In [30]:
import numpy as np
import pandas as pd

Changing Pandas option to show all columns in dataframes.

In [31]:
pd.set_option('Display.max_columns', None)

Build dataframe containing two columns PLAYER_ID and NAME.

In [32]:
player_id_name = pd.read_csv('../season_counting_stats.csv')

In [33]:
# We drop duplicates because a given player could have played for
# more than one season or could have played only one season but
# for multiple teams, resulting in multiple identical rows.
player_id_name = player_id_name[['PLAYER_ID', 'NAME']].drop_duplicates()

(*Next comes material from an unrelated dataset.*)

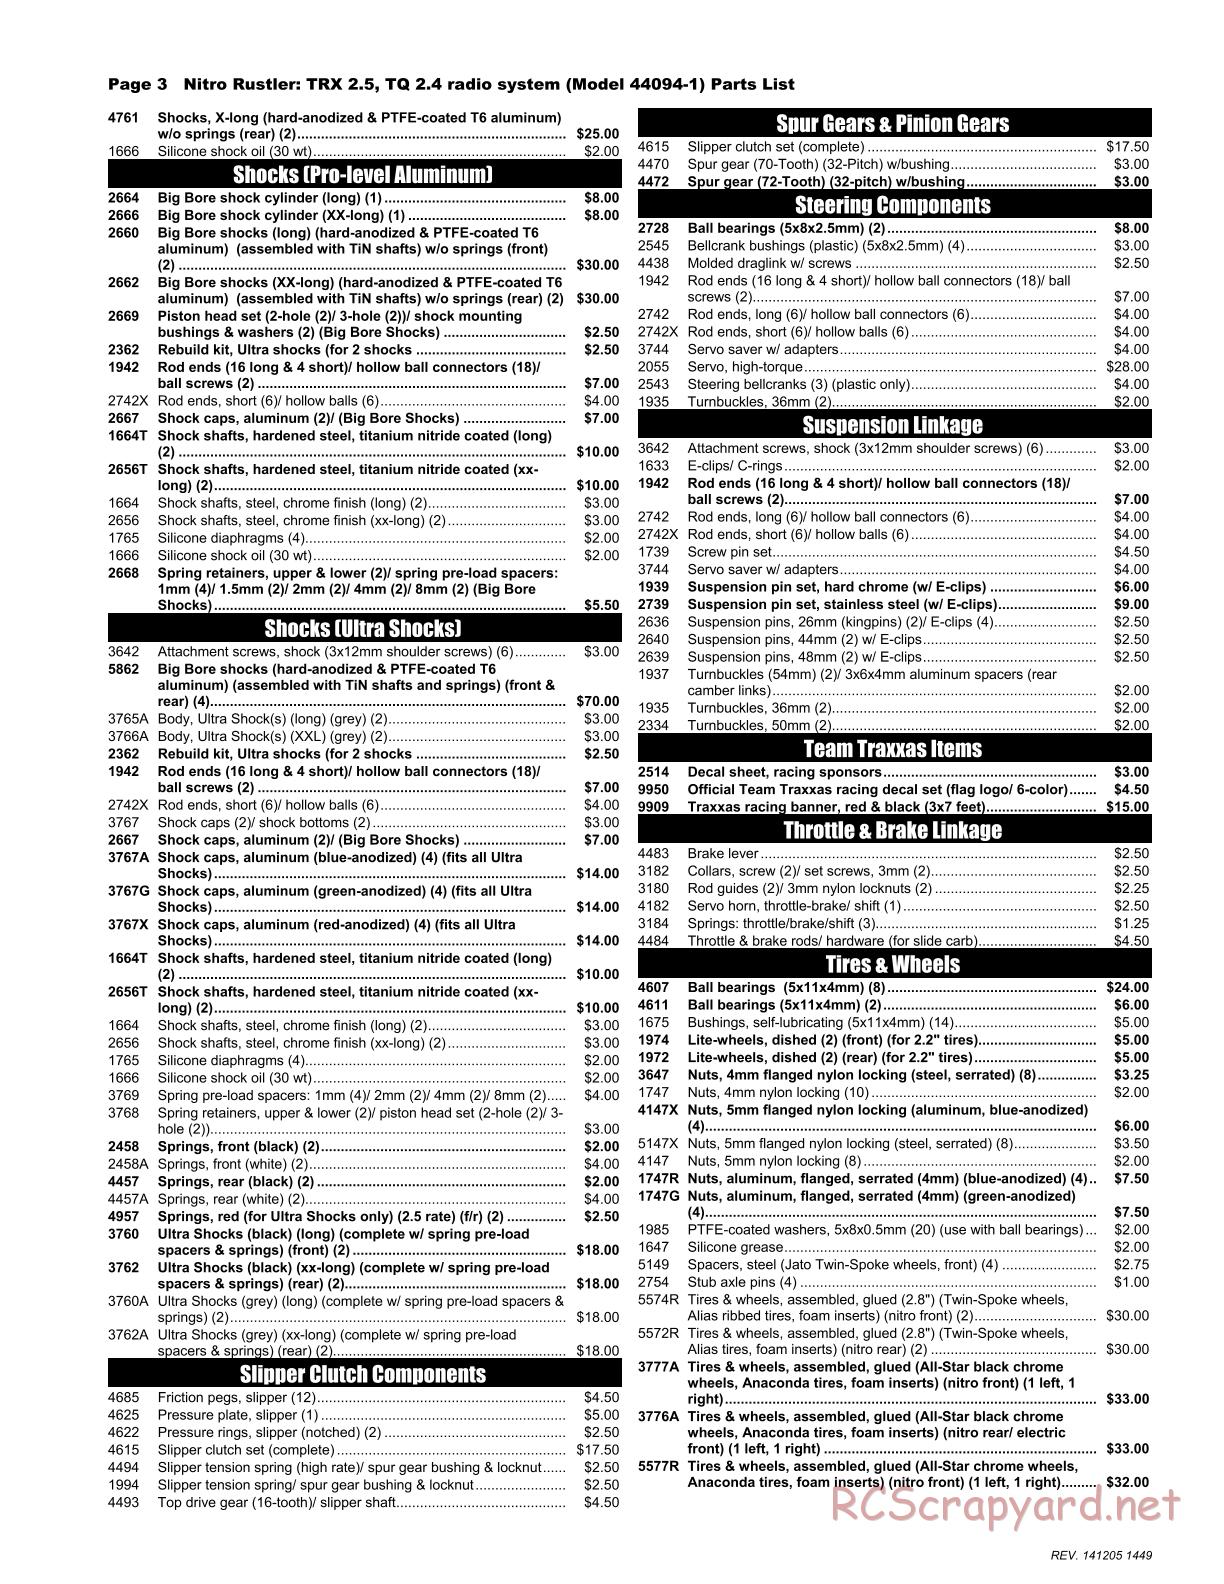 Traxxas - Nitro Rustler (2015) - Parts List - Page 3

Identify NBA players in the player_id_name dataframe with identical names. For example, there are two entries of 'Patrick Ewing' (father and son). Technically, the younger Patrick Ewing is Patrick Ewing Jr., but the data entry omitted the 'Jr.' for some reason. 

In [34]:
nonunique_player_names = player_id_name[player_id_name.duplicated(subset= "NAME", keep=False)]

In [35]:
nonunique_player_names.sort_values(by='NAME')

Unnamed: 0,PLAYER_ID,NAME
19037,78209,Bill Smith
19031,78207,Bill Smith
13004,76610,Bob Duffy
13001,76609,Bob Duffy
15305,77193,Bobby Jones
...,...,...
25697,203502,Tony Mitchell
21920,201041,Walker Russell
18371,78048,Walker Russell
15357,77203,Willie Jones


As we can see there are some players that share identical names. Therefore, one thing that might help when matching players to their ID is to also include the season information. It is presumably less likely that two nba players of the same name are in the league during the same season. Let's try this and see if it will eliminate any nonuniqueness. 

In [36]:
player_id_season = pd.read_csv('../season_counting_stats.csv')

In [37]:
# We drop duplicates because a given player can have played
# for multiple teams in a given season, resulting in multiple identical rows.
player_id_season = player_id_season[['PLAYER_ID', 'SEASON_START', 'NAME']].drop_duplicates()

In [38]:
player_id_season

Unnamed: 0,PLAYER_ID,SEASON_START,NAME
0,2,1983,Byron Scott
1,2,1984,Byron Scott
2,2,1985,Byron Scott
3,2,1986,Byron Scott
4,2,1987,Byron Scott
...,...,...,...
29922,1641926,2023,Dexter Dennis
29923,1641931,2023,Onuralp Bitim
29924,1641970,2023,Maozinha Pereira
29925,1641998,2023,Trey Jemison


In [39]:
nonunique_player_id_season_pairs = player_id_season[player_id_season.duplicated(subset= ['SEASON_START', 'NAME'], keep=False)]

In [40]:
nonunique_player_id_season_pairs.sort_values(by=['NAME', 'SEASON_START'])

Unnamed: 0,PLAYER_ID,SEASON_START,NAME
2115,279,1984,Charles Jones
15249,77178,1984,Charles Jones
2118,279,1985,Charles Jones
15250,77178,1985,Charles Jones
2120,279,1987,Charles Jones
15251,77178,1987,Charles Jones
2121,279,1988,Charles Jones
15252,77178,1988,Charles Jones
2256,293,1989,Charles Smith
18900,78179,1989,Charles Smith


Next, we output these dataframes to csv files. To remove clutter, the index column will not be written. 

In [41]:
player_id_name.to_csv('player_id_name.csv', index=False)

In [42]:
nonunique_player_names.to_csv('nonunique_player_names.csv', index=False)

In [43]:
player_id_season.to_csv('player_id_season.csv', index=False)

In [44]:
nonunique_player_id_season_pairs.to_csv('nonunique_player_id_season_pairs.csv', index=False)

Note, different data sources format names differently. For example, some write 'AJ Green', while others write 'A.J. Green'. Some write 'Bogdan Bogdanovic', while others write 'Bogdan Bogdanović'  These formatting issues also add some difficulty in associating a player ID to a given player name coming from a different data source.